Monascus purpureus (syn. M. albidus, M. anka, M. araneosus, M. major, M. rubiginosus, and M. vini; 红曲霉 (紅麴黴, hóng qū méi), lit. "red yeast") is a species of mold that is purplish-red in color. It is also known by the names ang-khak rice mold, corn silage mold, maize silage mold, and rice kernel discoloration.

==Taxonomy and morphology==
The sexual state of M. purpureus is a cleistothecium with a two-layered wall, enclosing round, evanescent eight-spored asci, lifted above the substrate on a multi-hyphal stalk. Ascospores can be heat-resistant. The asexual state forms chains of hyaline, or brownish, chlamydospore-like cells.

==Physiology and metabolites==
During growth, Monascus spp. breaks down starch substrate into several metabolites, including pigments produced as secondary metabolites. The structure of pigments depends on the type of substrate and other specific factors during culture, such as acidity or basicity (pH), temperature, and moisture content.

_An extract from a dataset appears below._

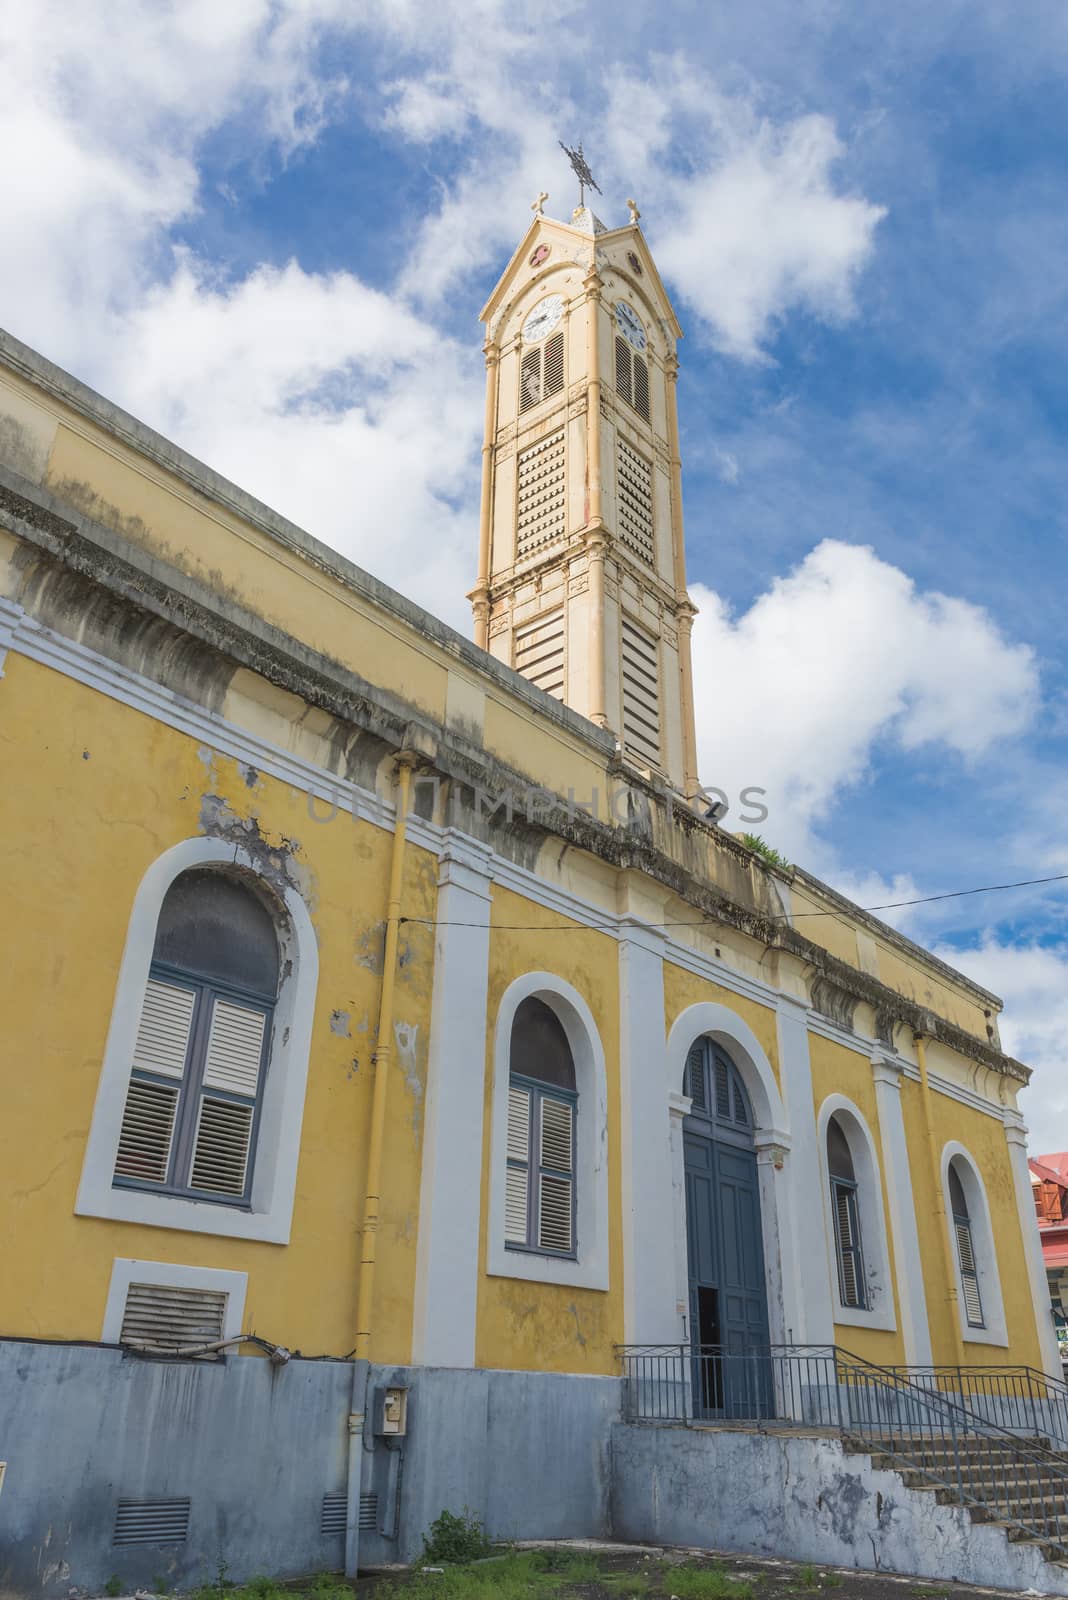 Cathedral Saint Pierre Saint Paul in Pointe-a-Pitre in Guadeloupe, French Caribbean

However, discoveries of a number of cholesterol-lowering statins produced by the mold has prompted research into its possible medical uses. The naturally occurring lovastatins and analogs are called monacolins K, L, J, and also occur in their hydroxyl acid forms, along with dehydroxymonacolin and compactin (mevastatin). The prescription drug Lovastatin, identical to monacolin K, is the principal statin produced by M. purpureus. Only the open-ring (hydroxy acid) form is pharmacologically active, but it is not produced on a commercial scale.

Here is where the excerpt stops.